# Data section
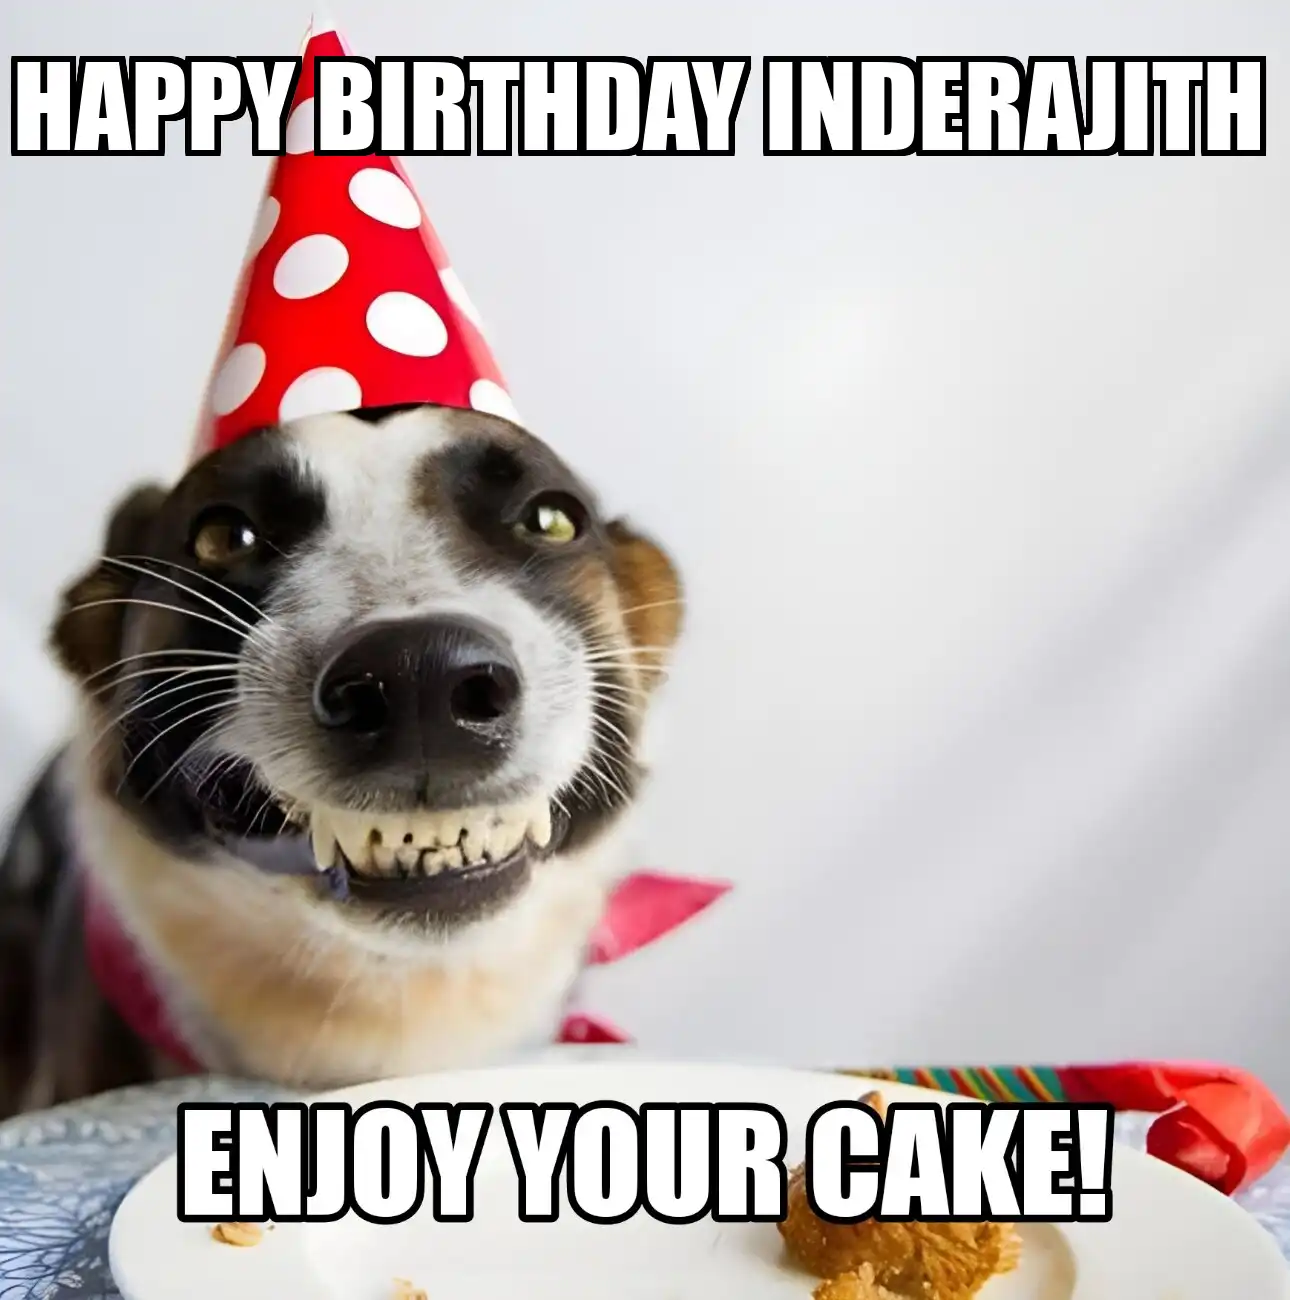 Happy Birthday Inderajith Enjoy Your Cake Dog Meme
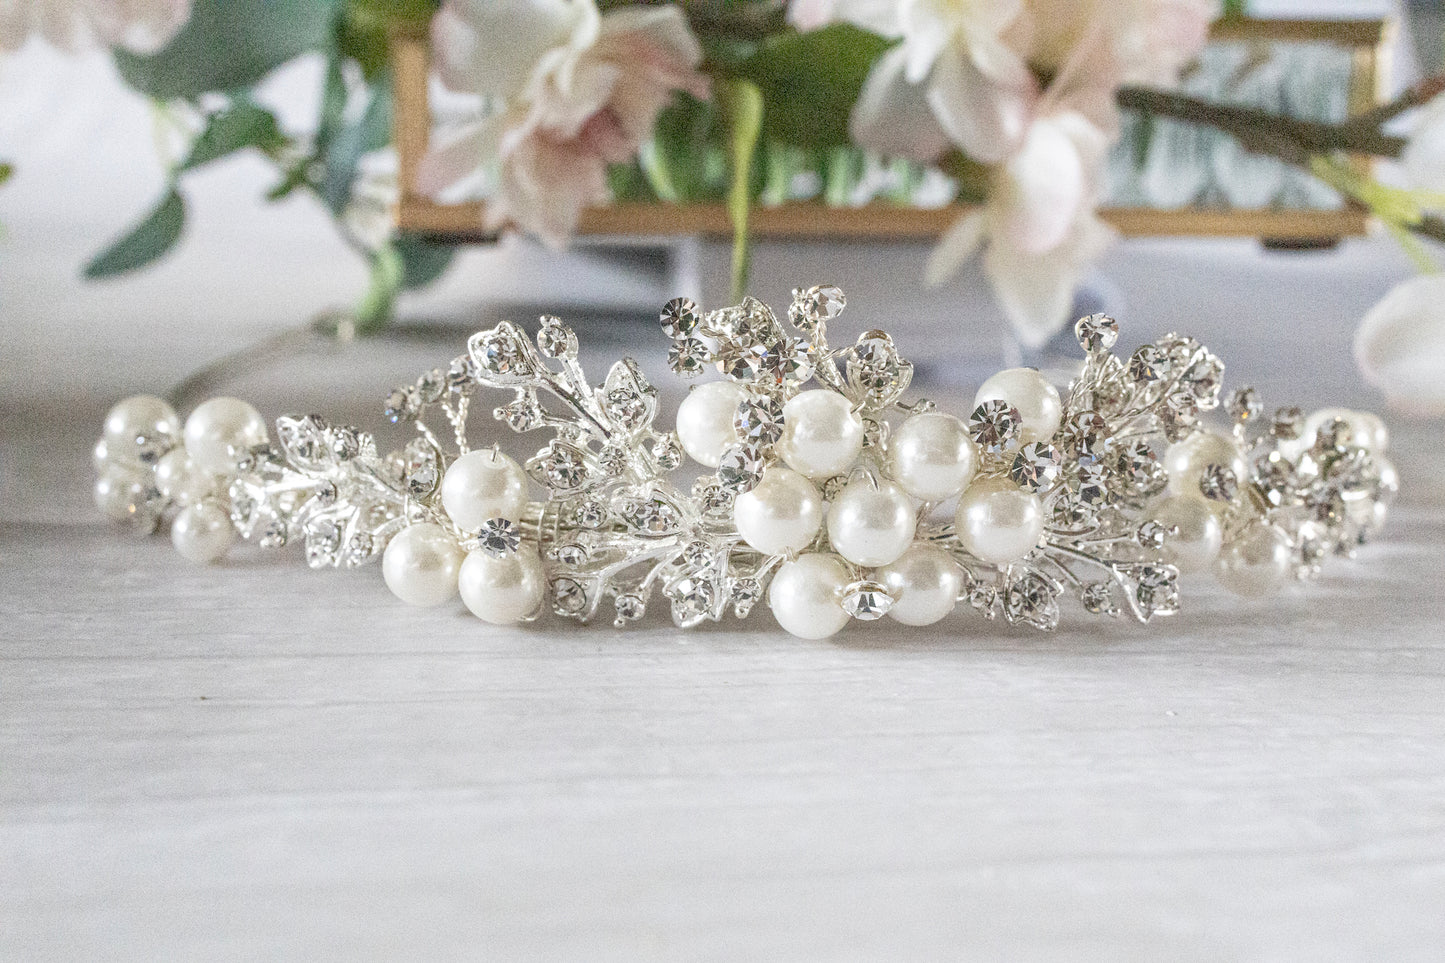 Silver Bridal Tiara, Wedding hair Accessories, Pearl Bridal Tiara, wedding hairpiece, wedding Tiara, hair accessories,
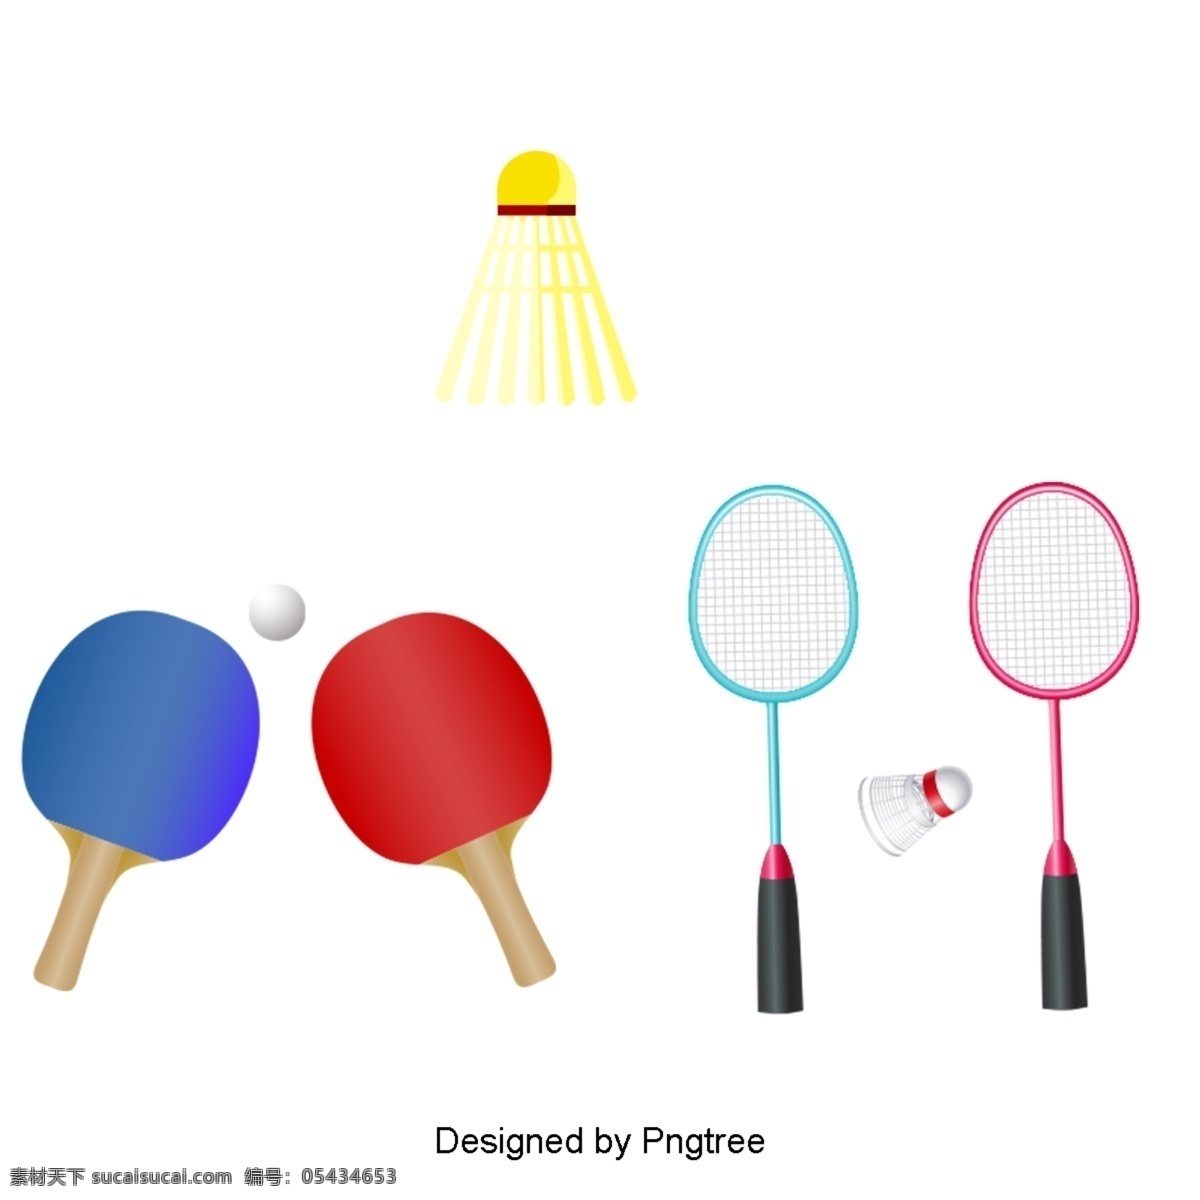 漂亮 的卡 通 手绘 平板 球运动 器材 美学 卡通 平面 球类 游戏 体育器材 羽毛球 乒乓球 桌子

# What is being asked
Please retype the listing in full, exactly as given, and skip every image.

# Exercise answer
 Happy Birthday Inderajith Enjoy Your Cake Dog Meme
 Silver Bridal Tiara, Wedding hair Accessories, Pearl Bridal Tiara, wedding hairpiece, wedding Tiara, hair accessories,
 漂亮 的卡 通 手绘 平板 球运动 器材 美学 卡通 平面 球类 游戏 体育器材 羽毛球 乒乓球 桌子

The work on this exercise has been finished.